Two schools in one! (not in a good way)

Two schools in one! (not in a good way) October 28, 2014

Here in Illinois, school districts don’t necessarily follow city limits.  The high school district (because primary and secondary education is generally through two separate school districts) was originally based on the township, but grew beyond that, and now has half a dozen high schools in several neighboring suburbs.

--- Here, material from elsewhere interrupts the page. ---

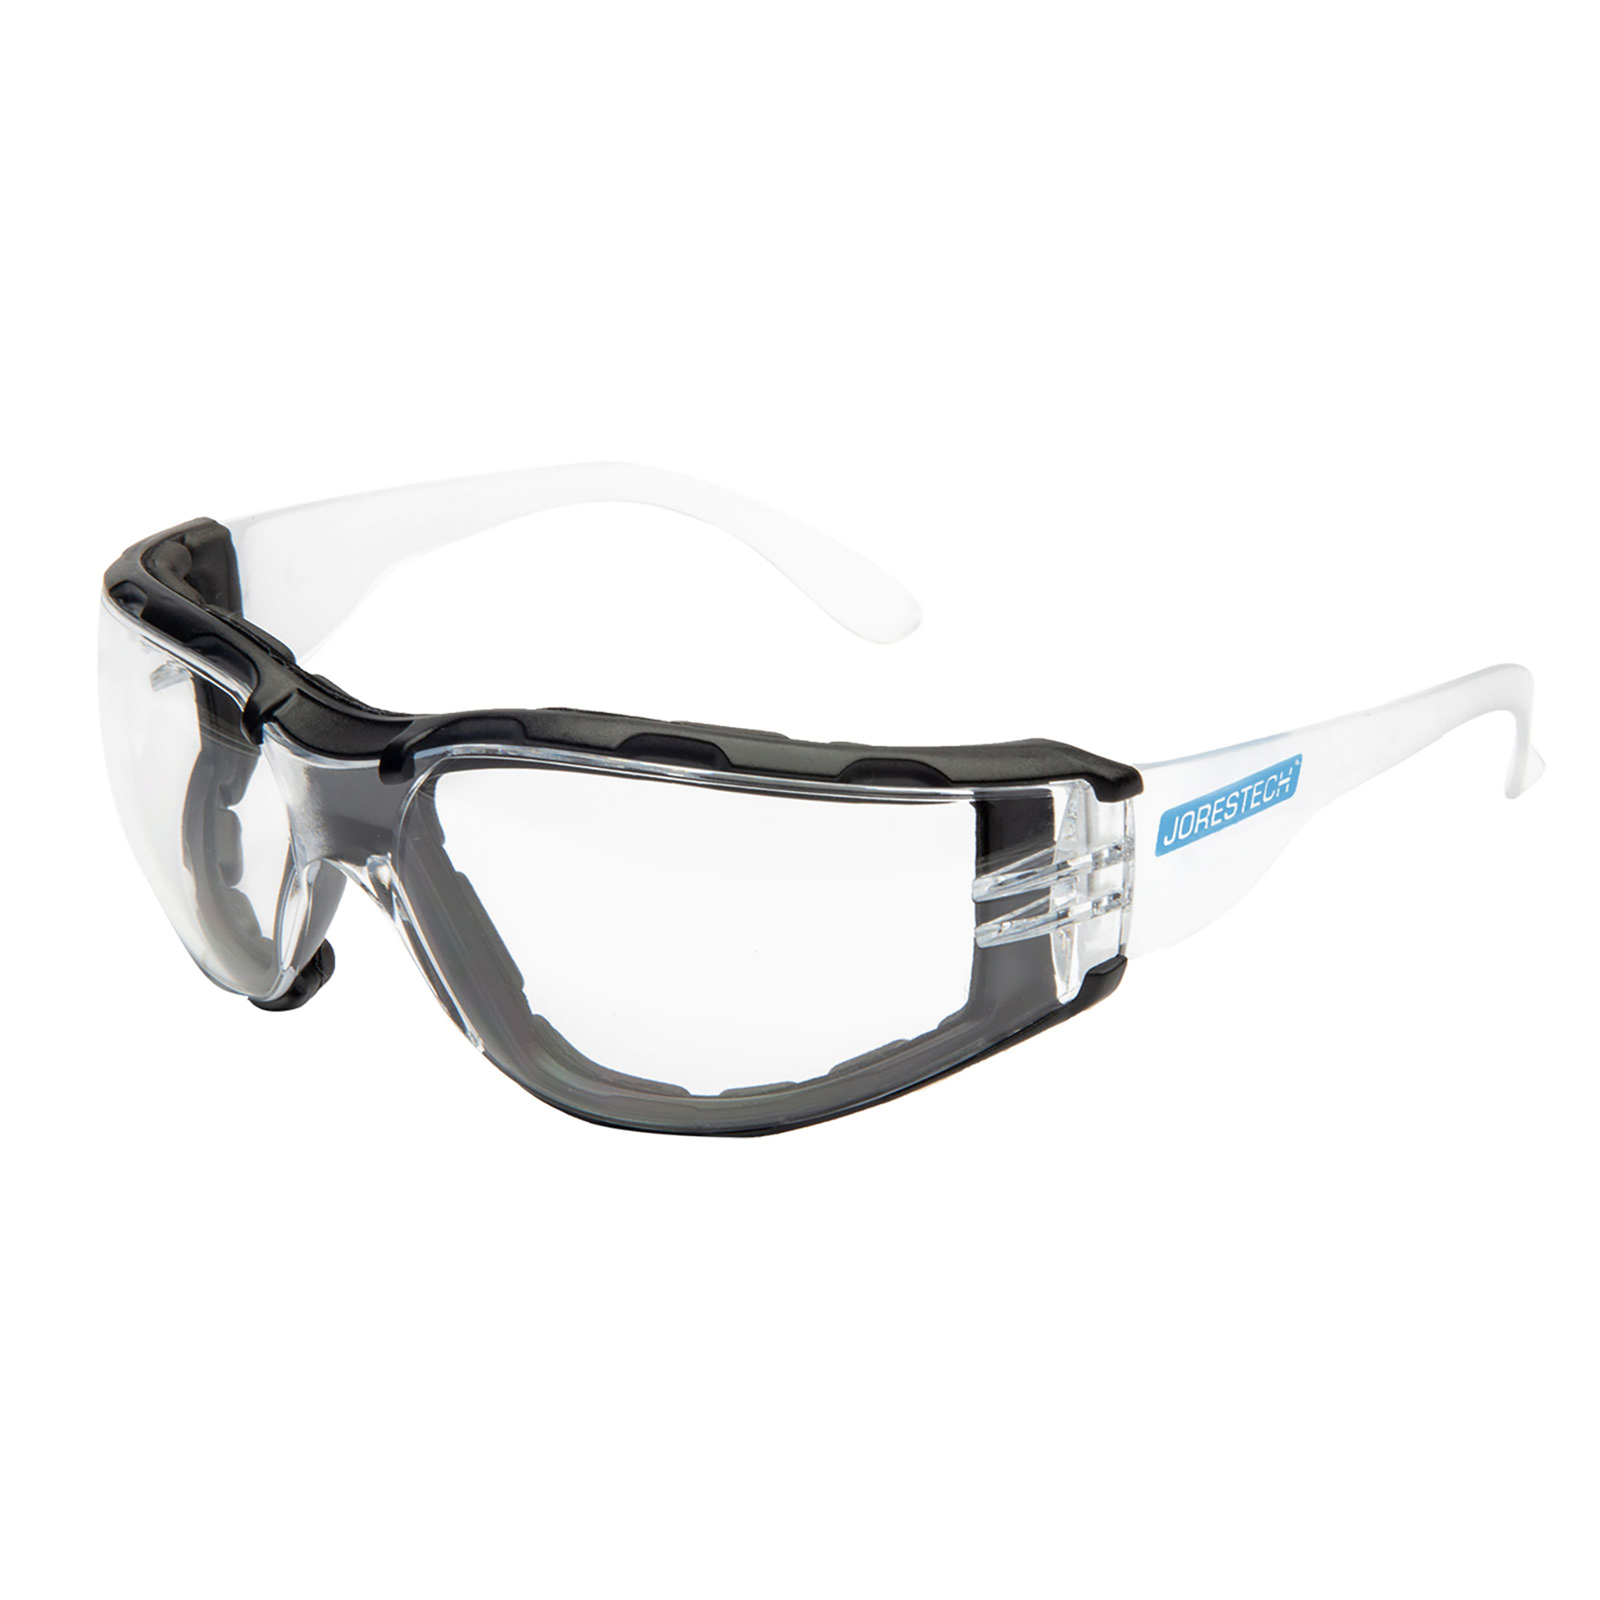 Diagonal view of the JORESTECH clear safety glasses for high impact protection with a black foam gasket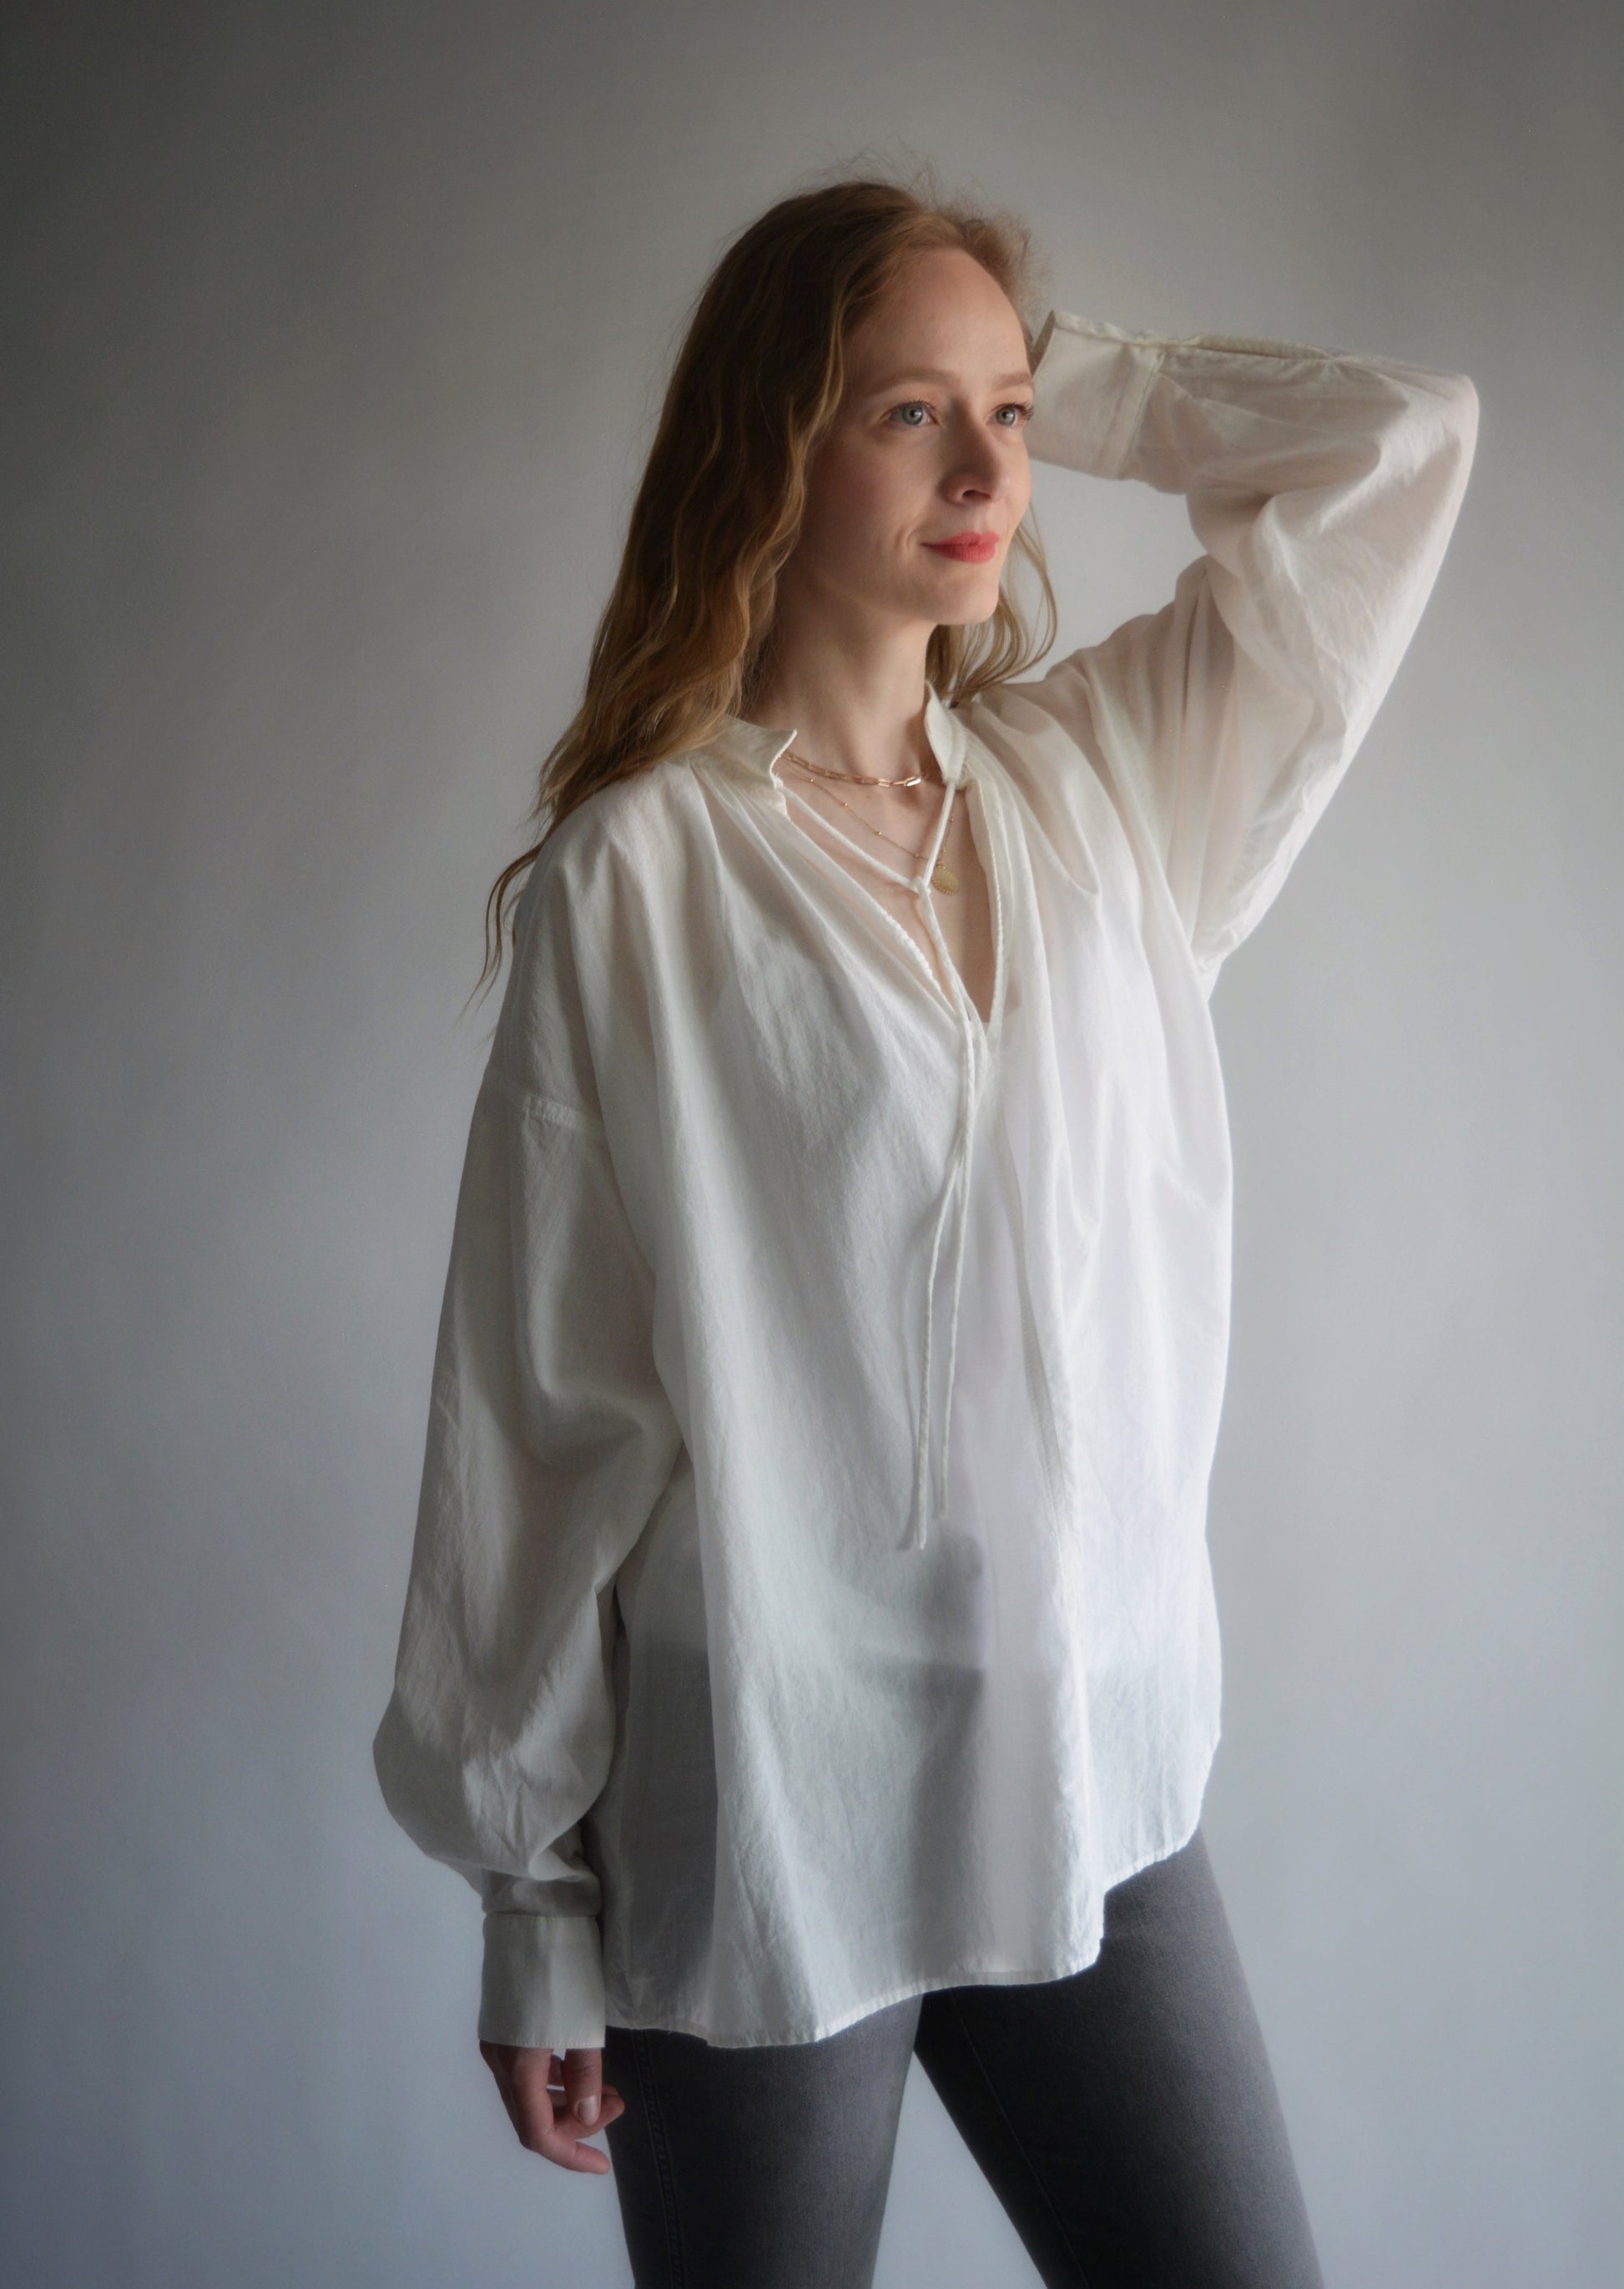 Blouse in Moonlight (White) color

My son’s school draws largely from three areas:  neighborhoods in my own town, mostly upper-middle-class, mostly native-born white with a smattering of Asians (Korean, Filipino, Indian); neighborhoods in the adjacent suburb, a Levittown-type area of small postwar ranch houses, with, by and large, a mix of native-born and Eastern European-immigrant whites.  And a cluster of apartment complexes, which, when we first arrived in the area nearly 20 years ago, had recently transformed into nearly completely Mexican-immigrant, with a police substation and Mariachi music playing whenever we would walk through there on our way from our first apartment to the Baskin Robbins.  
The school itself is reflective of this ethnic mix.  At the open house night, there were a number of Mexican families with small children in tow (presumably there was no babysitter).  At the parent information night for incoming freshmen, the principals’ speeches were translated into Spanish.  All the mailings that come to our house are bi-lingual.
The music department concert that we attended over the weekend?  Not so much.
Sure, it’s not a big surprise that the orchestra would be fairly “non-diverse,” as they say (though with a good number of Polish and a few Asian names).  You have to start your violin lessons young.  Band-instrument lessons you can take at school, though, so I would have expected a bit more diversity.  And choir?  Well, you have to meet the fine arts requirement somehow, and, besides, these were after-school groups as well as the classes, so you’d think this would be more diverse.  But nope.  Well, there were a few Spanish names, and a few ambiguously Spanish or Filipino, but very few.
No comment here.  Sure, my pro-open-immigration troll will tell me that even discussing this is racist, but that’s how it is.